A necessary and sufficient condition for the required permutation of R to exist is when it contains S as a substring in it. The reason is that, all the substrings of S are already included in S. We break down our work into a few cases.

### Case 1

|R| < |S|

Here the solution doesn’t exist as, to have all substrings of S in all substrings of R, R must be atleast of the size of S. Hence, the required permutation is "Impossible".

### Case 2

|R| \geq |S|

We store the frequency of each character in S and R in 2 containers, S_{frequency} and R_{frequency} respectively.
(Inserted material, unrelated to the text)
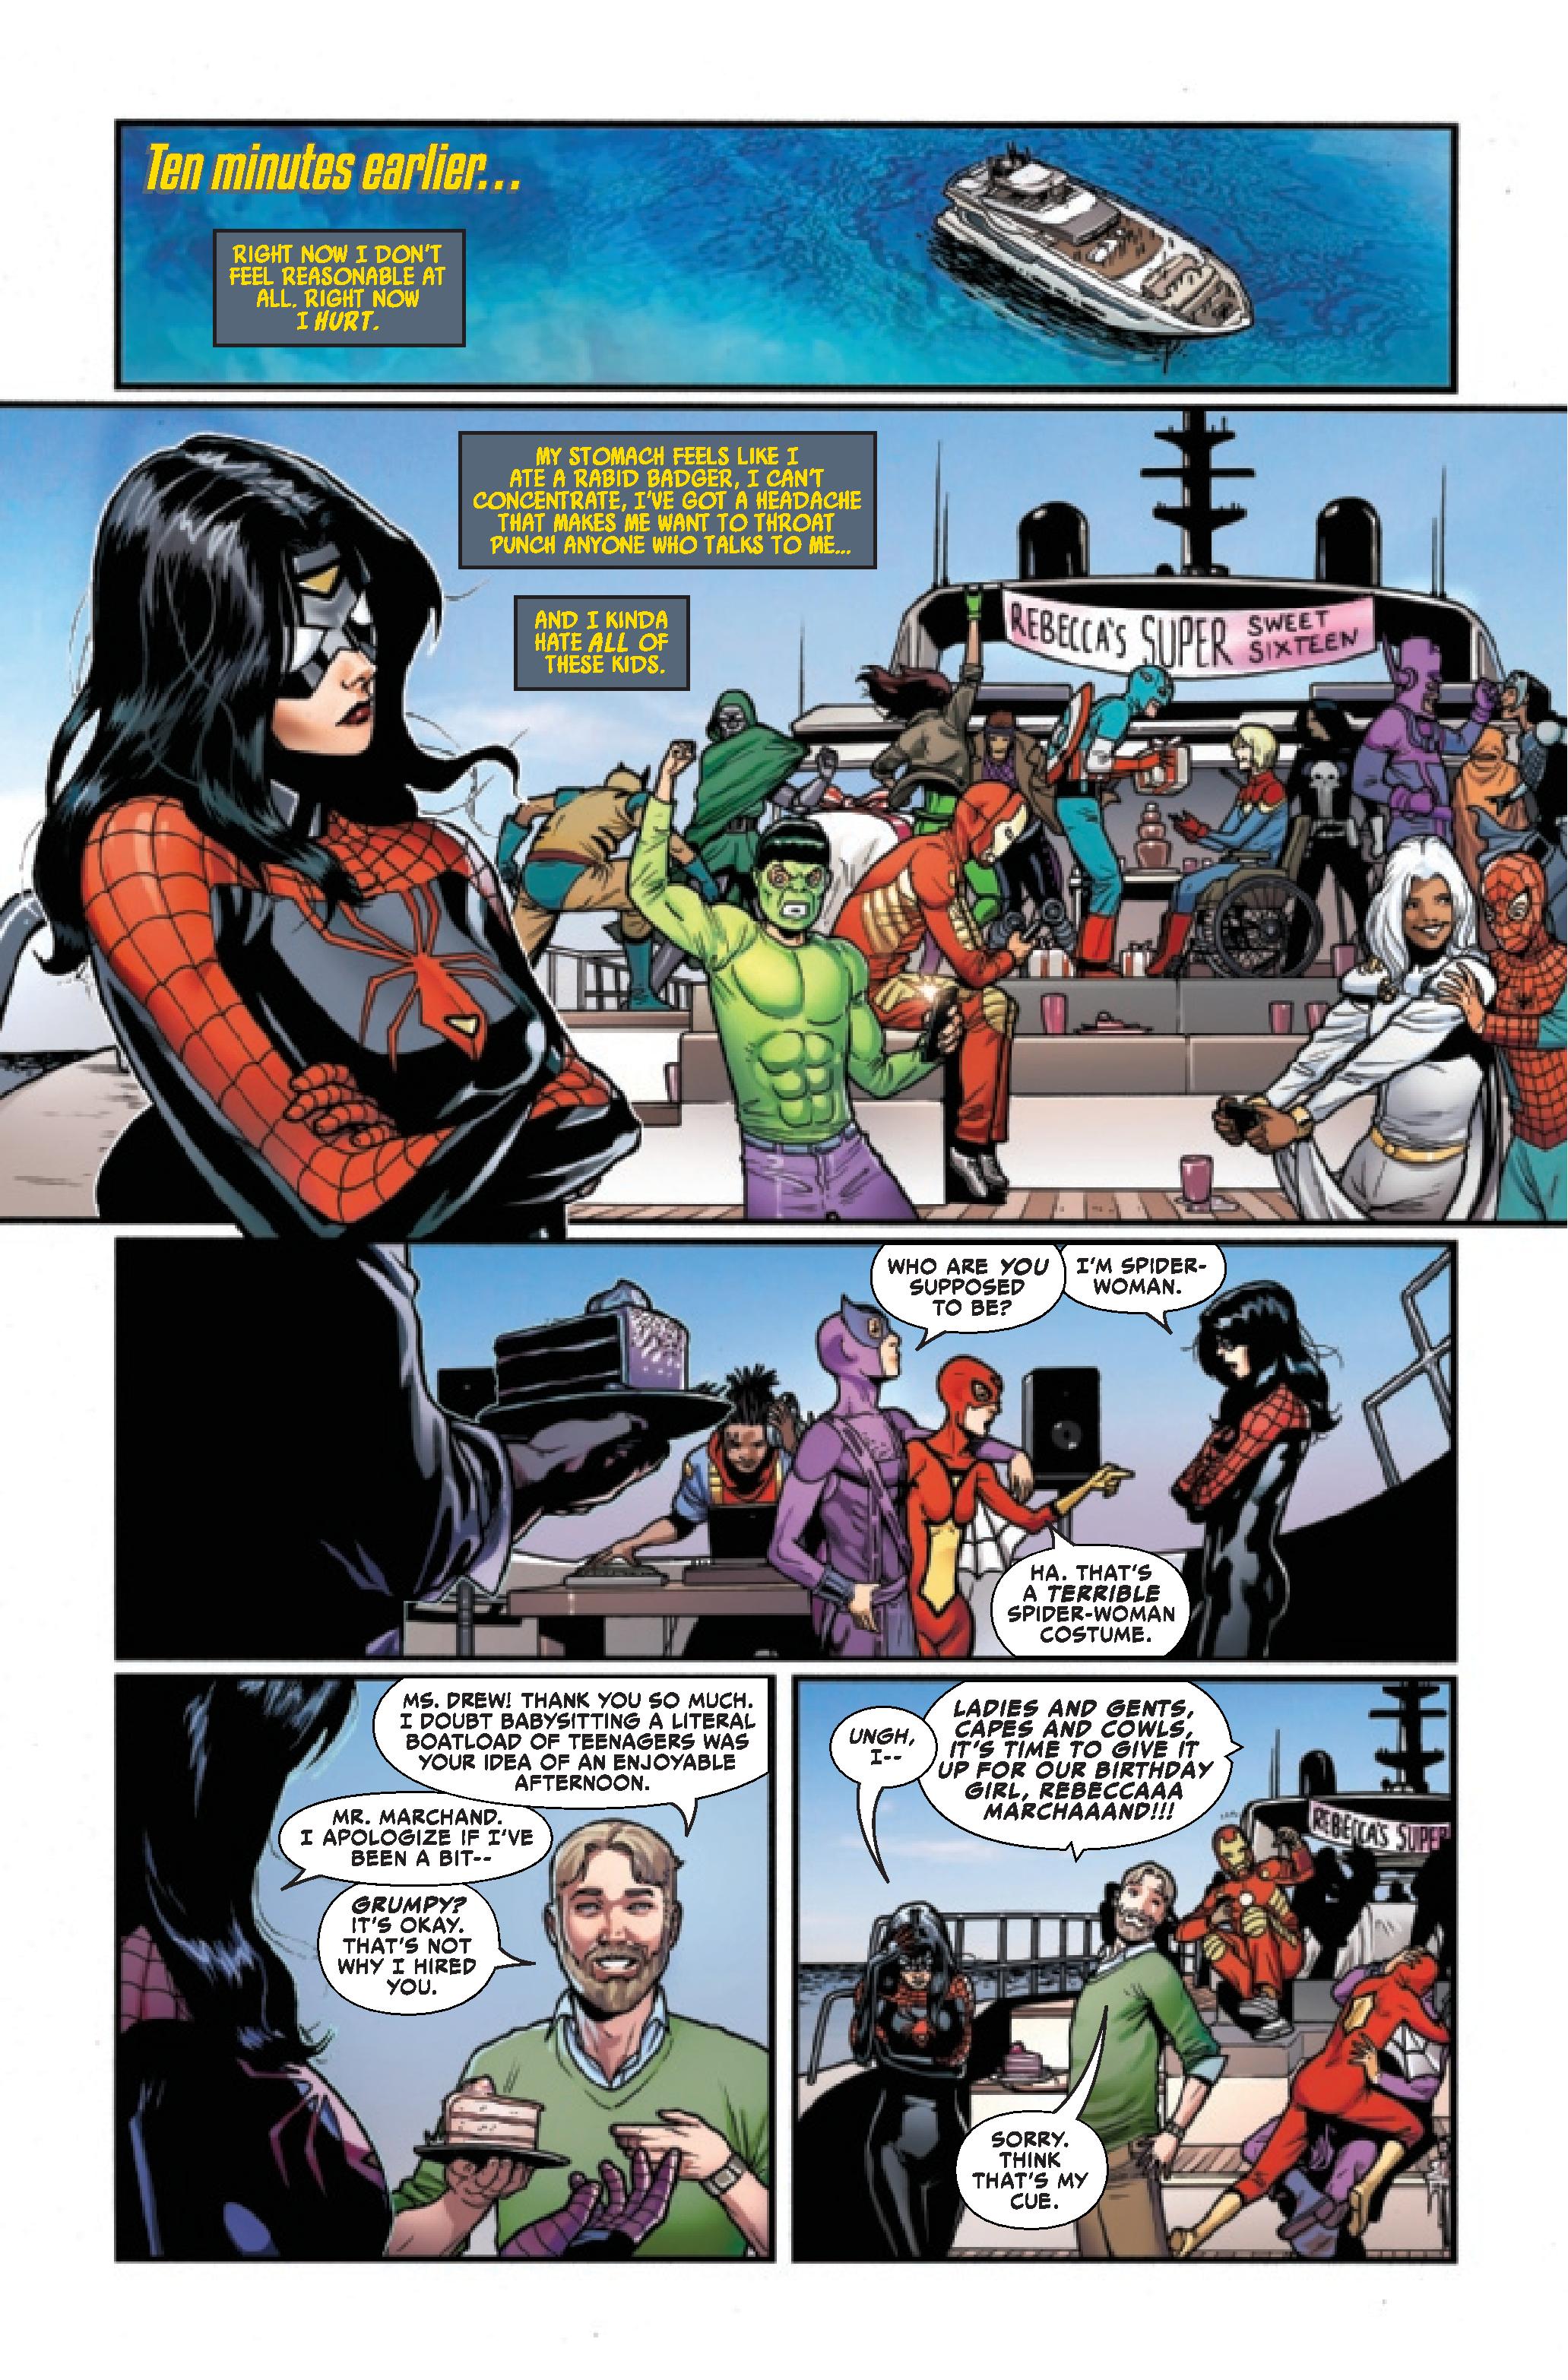 Spider-Woman #1 (2020)

Since we know that S must appear as a substring in the solution permutation of R, we first remove the characters of S_{frequency} from R_{frequency}.

#### Case 2.1

If we get a negative result when we subtract the frequency of a character present in S from R_{frequency}, it means that R does not possess the sufficient quantity of the character, which is contained in S. Hence, the required permutation is "Impossible".

#### Case 2.2

Now that we have successfully removed the characters of S from R_{frequency}, we generate a string by forming a sequence of ordered clusters of the characters denoted by R_{frequency} and inject S in the correct position.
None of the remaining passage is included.